Data Cleaning with pandas

· 5 min read · Updated March 13, 2026 · intermediate
pandas data-cleaning data-analysis dataframes intermediate

Real-world data is messy. You will rarely download a perfectly formatted dataset ready for analysis. Missing values, inconsistent formatting, duplicate rows, and messy strings are the norm rather than exception. Data cleaning is the process of fixing these issues, and pandas provides powerful tools to handle them efficiently.

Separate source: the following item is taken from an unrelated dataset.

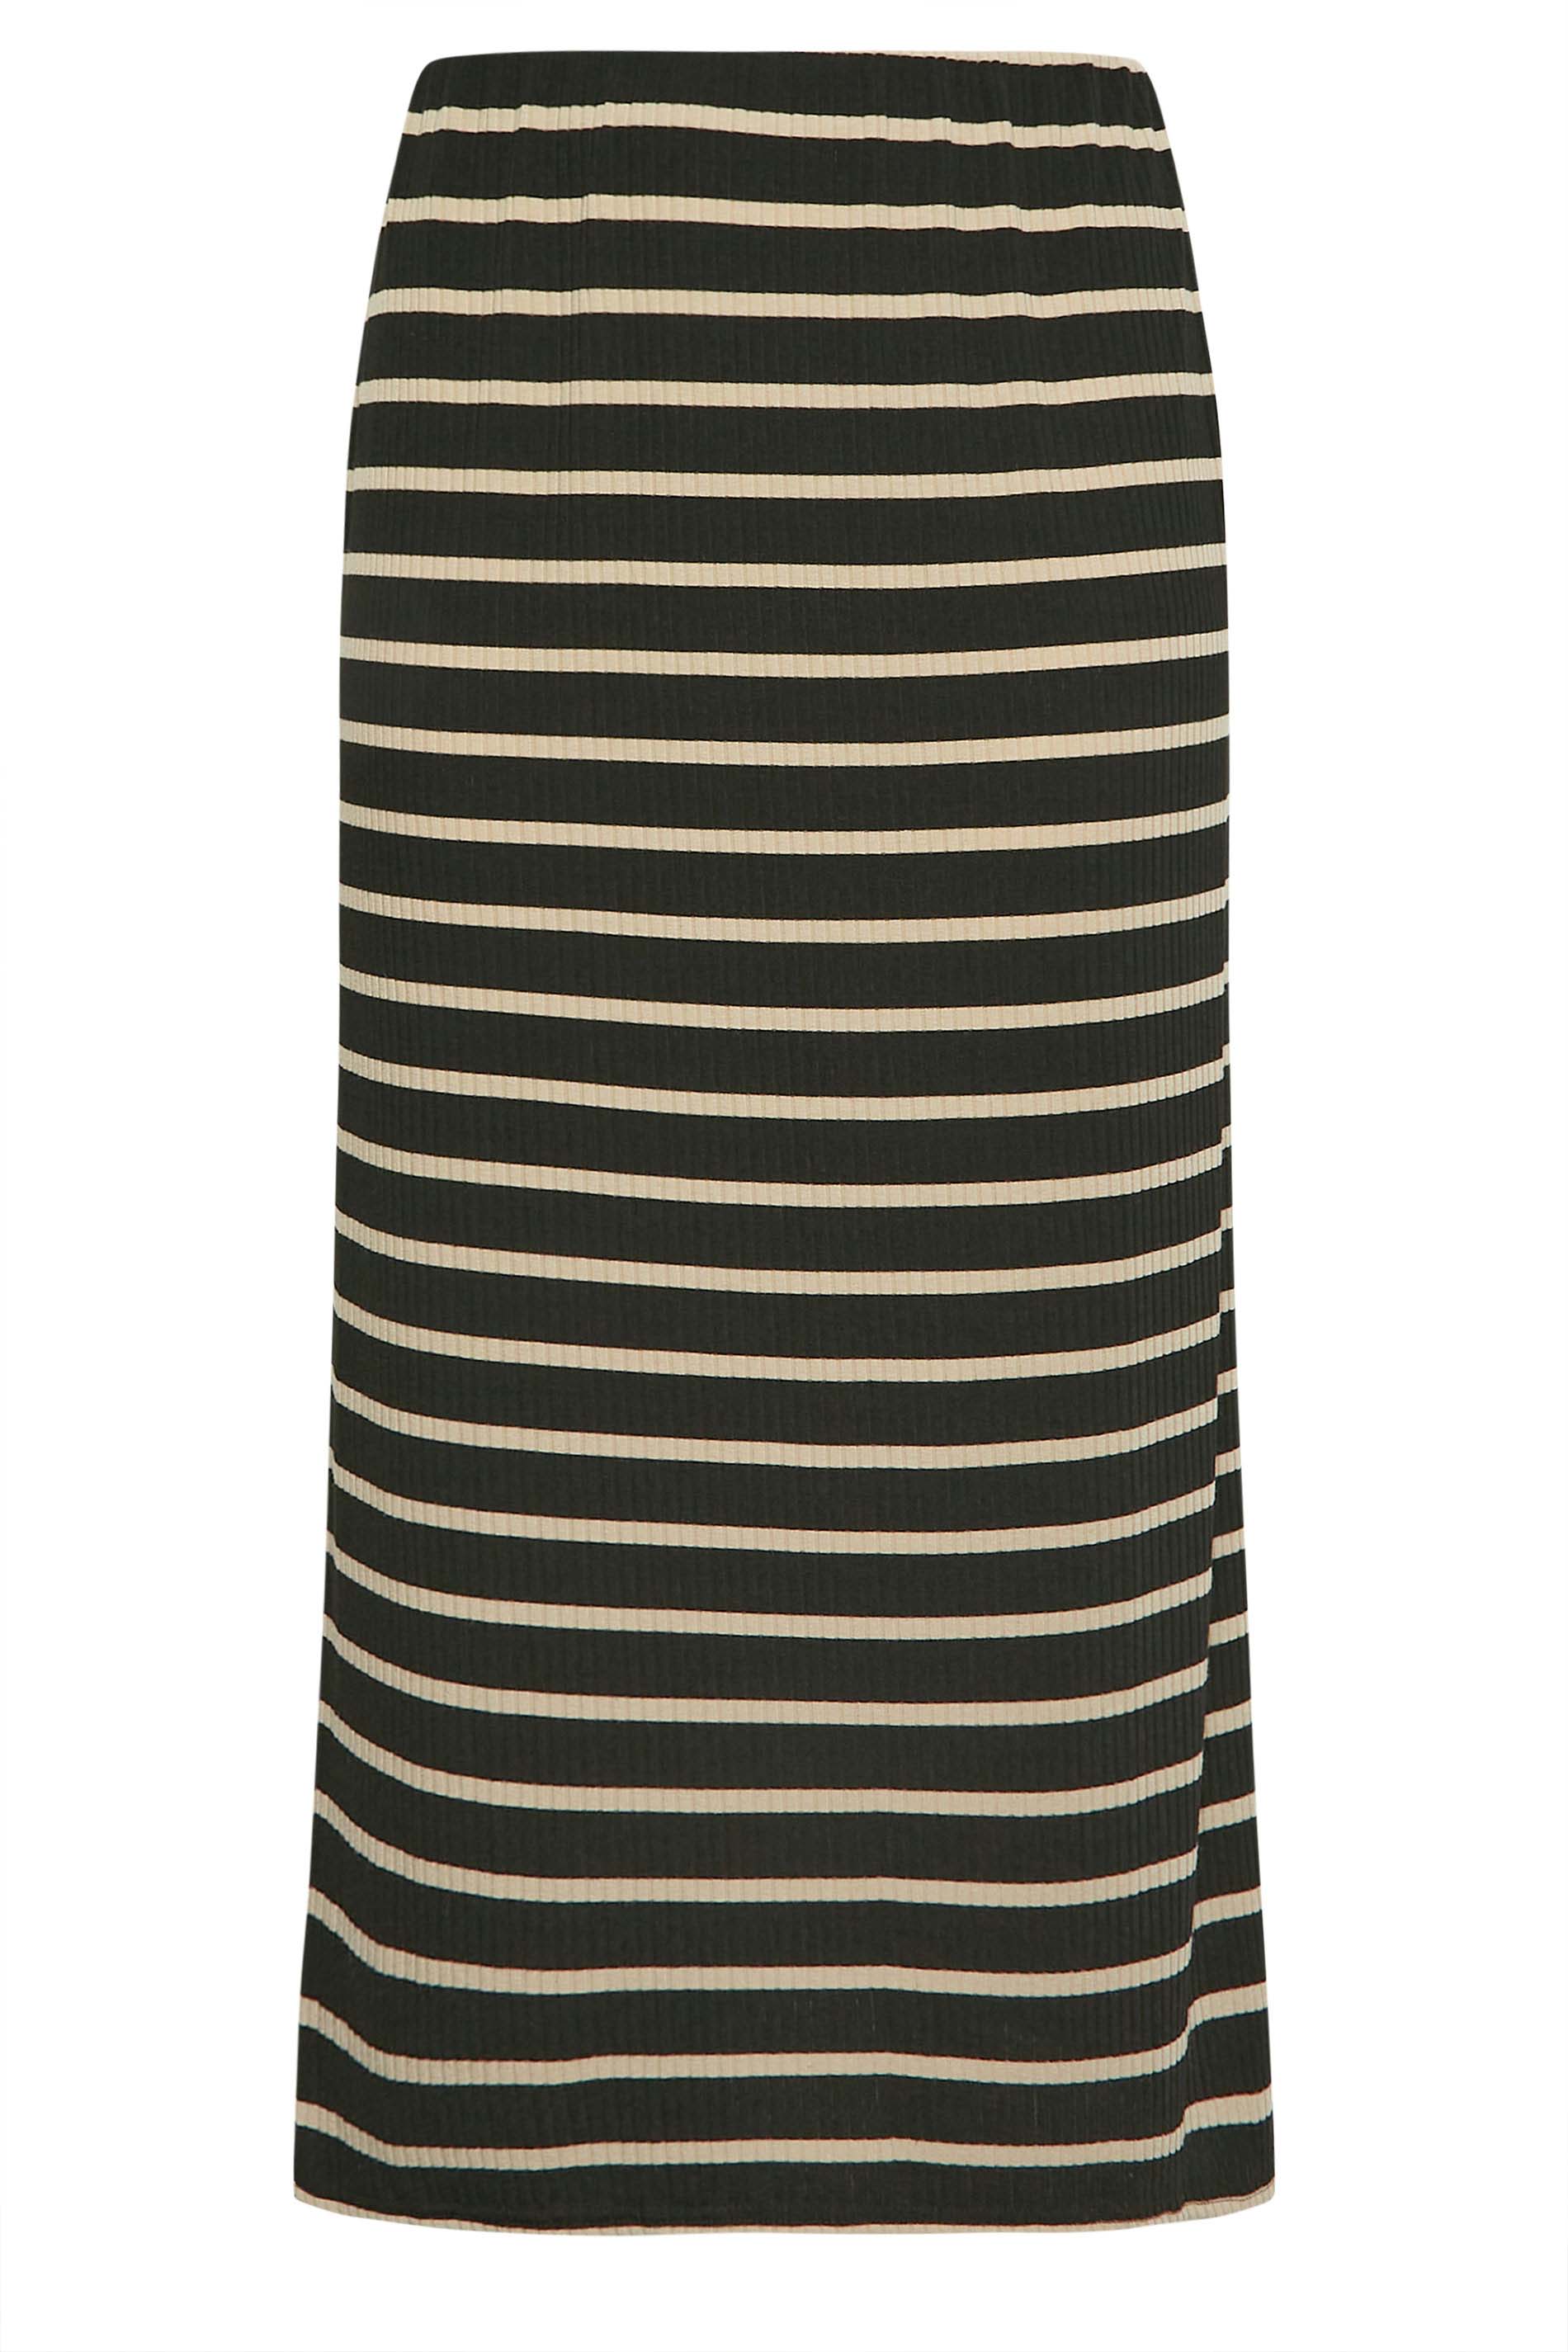 Yours Plus Size Black And Beige Brown Stripe Ribbed Maxi Skirt Yours Clothing 6276

This tutorial covers the essential data cleaning techniques you will use in almost every data analysis project. By the end, you will be able to confidently transform raw, messy data into analysis-ready form.

Setting Up

Import pandas and create a sample dirty dataset to practice with:

import pandas as pd
import numpy as np

# Sample messy data
data = {
    "name": ["  Alice  ", "Bob", "ALICE", None, "diana"],
    "email": ["alice@email.com", "bob@email.com", "alice@email.com", "invalid-email", "diana@EMAIL.COM"],
    "age": [25, 30, 35, None, "unknown"],
    "salary": [50000, 60000, None, 55000, 58000],
    "department": ["Sales", "sales ", "SALES", "Marketing", "marketing"],
    "join_date": ["2020-01-15", "2020/02/20", "2020.03.10", "2020-04-05", None]
}

df = pd.DataFrame(data)
print(df)

This small dataset contains many common data quality issues you will encounter in practice.

Handling Missing Data

Missing data is ubiquitous in real datasets. pandas represents missing values as NaN (Not a Number).

Detecting Missing Values

# Check for missing values in entire DataFrame
print(df.isnull())

# Count missing values per column
print(df.isnull().sum())

# Get percentage of missing values
print(df.isnull().sum() / len(df) * 100)

Dropping Missing Values

The simplest approach is to remove rows or columns with missing values:

# Drop rows with any missing values
df_clean = df.dropna()
print(f"Dropped {len(df) - len(df_clean)} rows")

# Drop rows where a specific column is missing
df_clean = df.dropna(subset=["email"])

Dropping is appropriate when missing values are rare or when the missing data is not informative. However, you lose information, which may not be ideal for analysis.

Filling Missing Values

Often you want to preserve data by filling missing values with something meaningful:

# Fill with a constant value
df["age"] = df["age"].fillna(0)

# Fill with the mean (for numerical columns)
df["salary"] = df["salary"].fillna(df["salary"].mean())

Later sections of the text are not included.